= Guédiawaye Stormwater Channel =

Drainage infrastructure in Dakar, Senegal

The Guédiawaye Stormwater Channel (French: Canal d'évacuation des eaux pluviales de Guédiawaye) is a drainage infrastructure located in Guédiawaye, a suburban department of the Dakar Region in Senegal. The channel is a key component of the Peri-Urban Stormwater Management Program (Programme de Gestion des Eaux Pluviales Périurbaines) implemented to address chronic flooding in Dakar's densely populated suburbs.

== Background ==
Guédiawaye is one of the most densely populated areas in Senegal, with an estimated population of over 400,000 residents in a relatively small area.
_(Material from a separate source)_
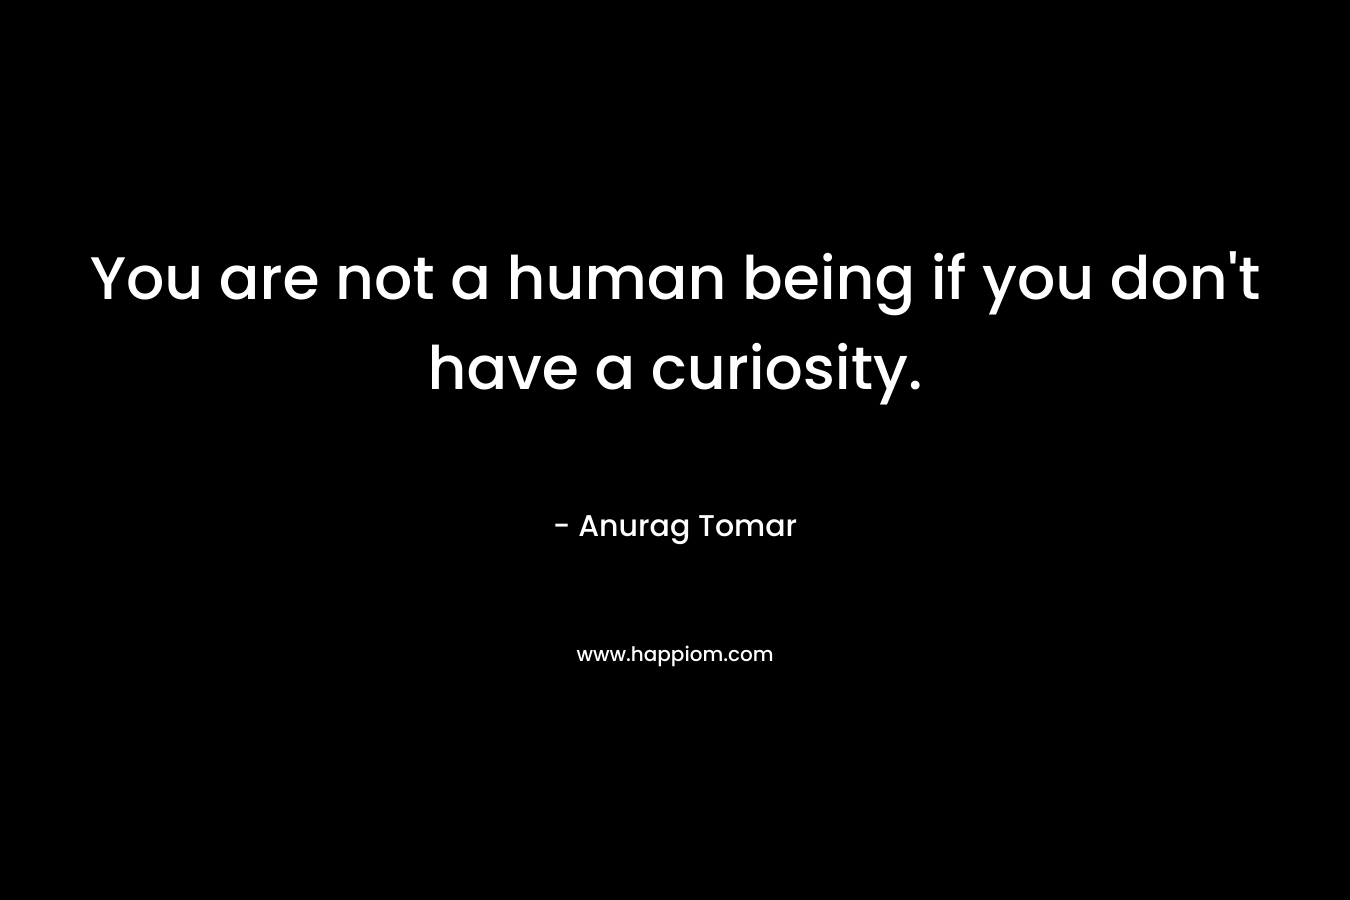 You are not a human being if you don't have a curiosity.

The department experiences severe flooding during the annual rainy season (July to October), characterized by intense, short-duration rainfall events.

Rapid urbanization since the 1970s, combined with inadequate drainage infrastructure and low-lying topography, has made Guédiawaye one of the most flood-prone areas in the Dakar metropolitan region.

== The PROGEP project ==
The Guédiawaye stormwater channel was constructed as part of the Projet de Gestion des Eaux Pluviales et d'adaptation au changement climatique (PROGEP), a major flood management initiative funded by the World Bank, the French Development Agency (AFD), and the Senegalese government.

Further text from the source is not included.